What are spatial and spatio-temporal modeling?
People experience health outcomes, such as contracting a disease, at different points in time and in different locations. Epidemiologists who want to describe, explain and predict disease occurrence use spatial models to account for location, and spatio-temporal models to account for location and time, along with any known or hypothesized determinants of the disease condition.
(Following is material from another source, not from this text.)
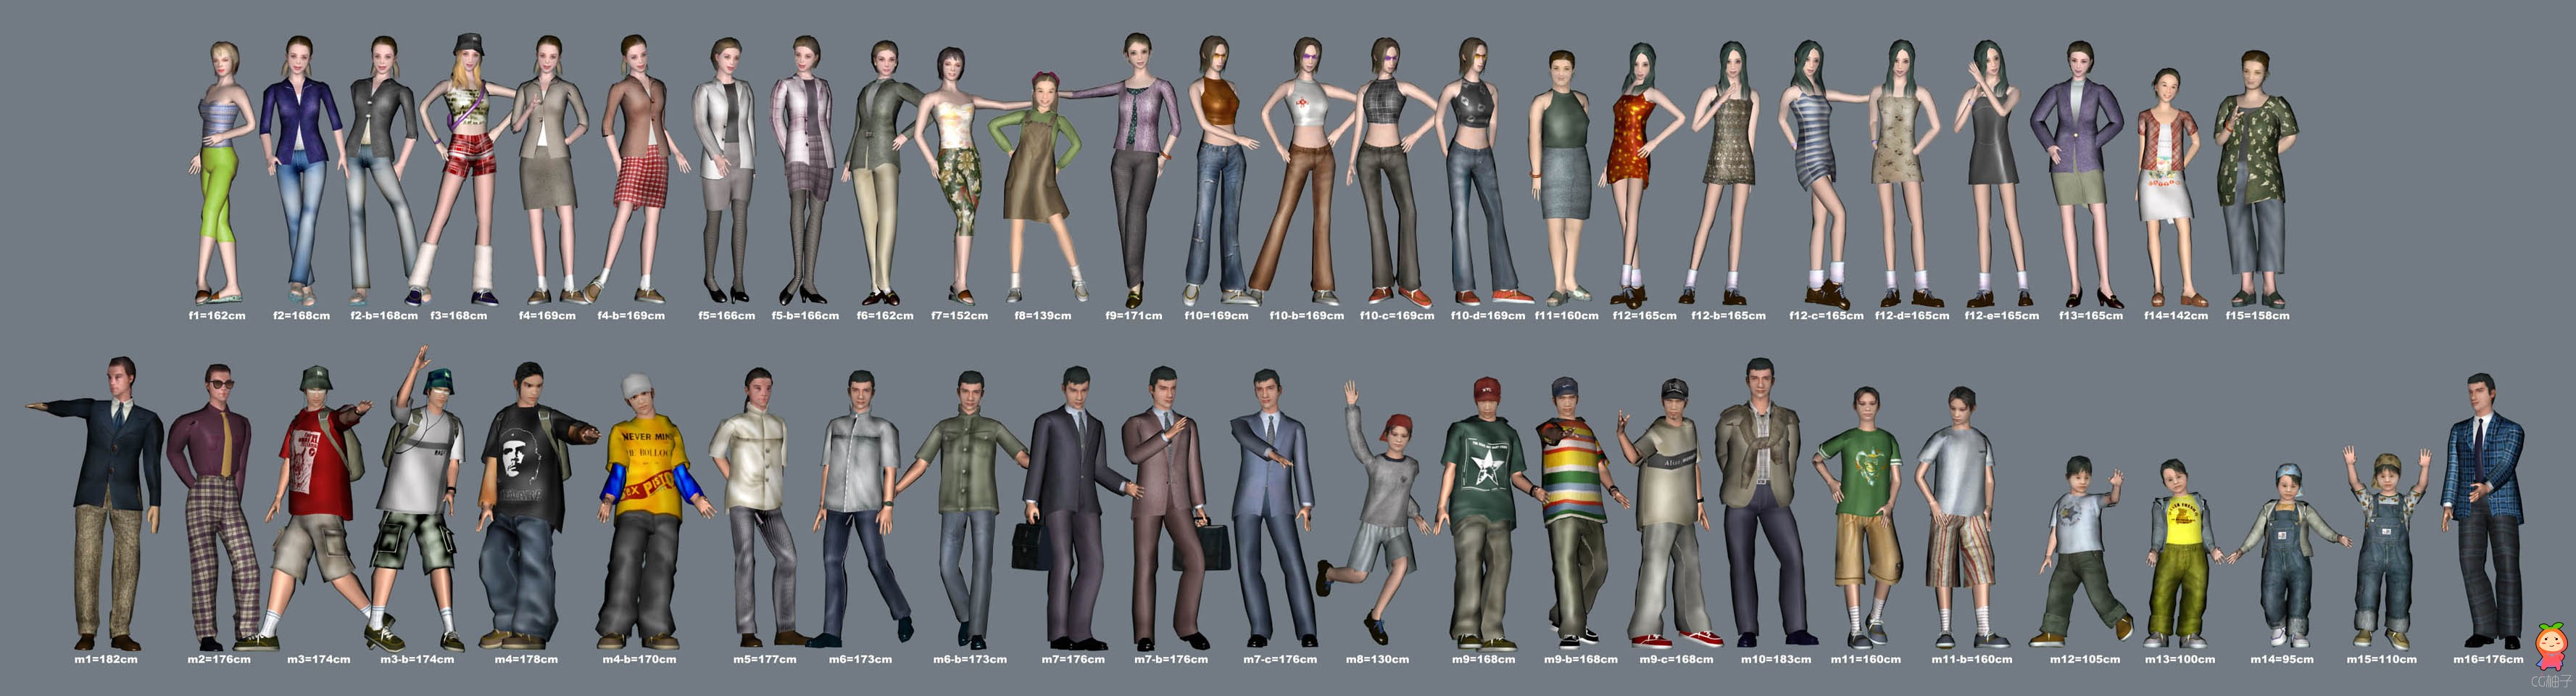 [免费人物模型] 现代人物3D模型 各种特色的3d角色模型下载

They present their findings as a map or a sequence of maps predicting the prevalence or incidence of the condition.
Examples of health outcomes that have been modeled in this way include incidence of cholera, traffic accidents, cases of Zika virus and pre-term births, or prevalence of tuberculosis, specific cancers and obesity.
Spatial modeling describes investigations which locate observations geographically at a specific time or during a period of time when investigators assume the event is stable. The goal in spatial analysis is to investigate geographic variation in the probability of occurrence of the health outcome.
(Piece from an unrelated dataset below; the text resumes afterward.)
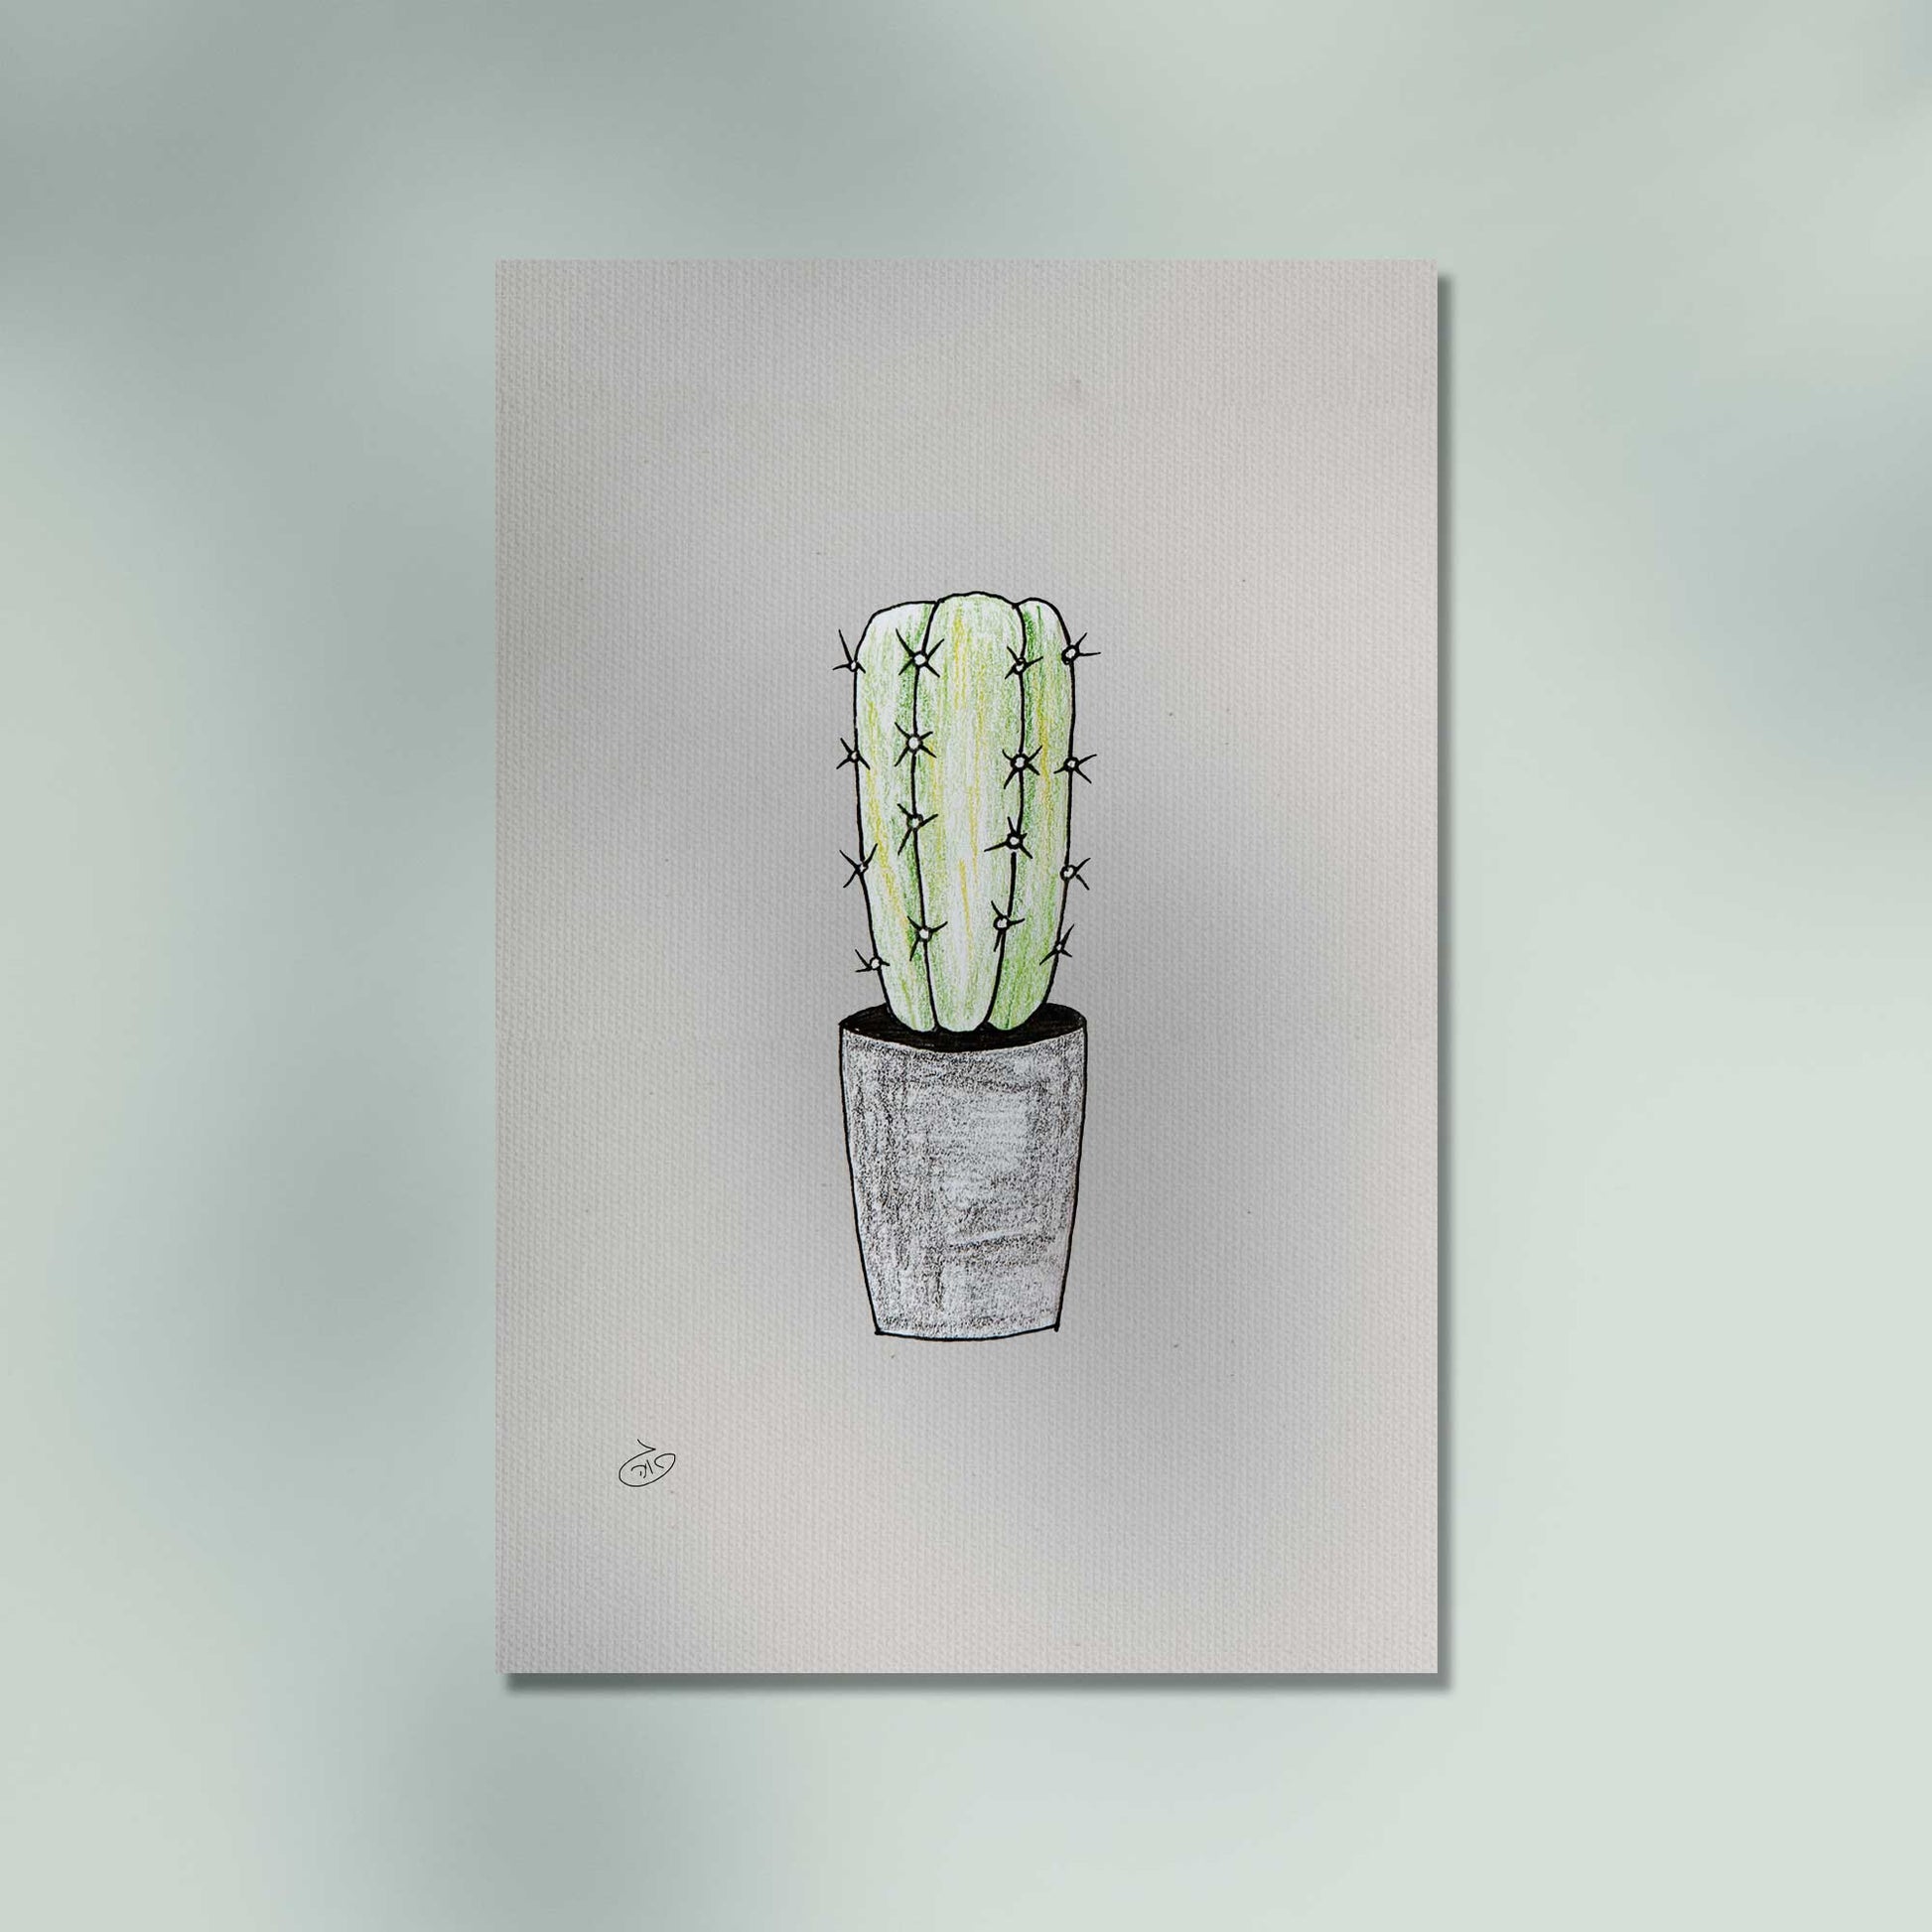 פוסטר Succulent Cactus Poster ציור מקורי של גאיה המקדם את המודעות לאלימות בין בני זוג בכלל וכלפי נשים בפרט

Spatio-temporal modeling describes studies which record and analyse both the locations and associated times of the observations. In spatio-temporal analysis, the focus is on variation in the average number of incident or prevalent cases in combinations of place and time units over the geographical region and time-period of interest – that is the spatio-temporal intensity of incident or prevalent cases.
Why spatial and spatio-temporal modeling?
An early, and famous example of a spatial point pattern map being used in a public health context is Dr. John Snow’s 1854 map of cholera in Soho, London although a much less celebrated map of cholera in the northern England city of Leeds was produced by Dr. Robert Baker 22 years earlier.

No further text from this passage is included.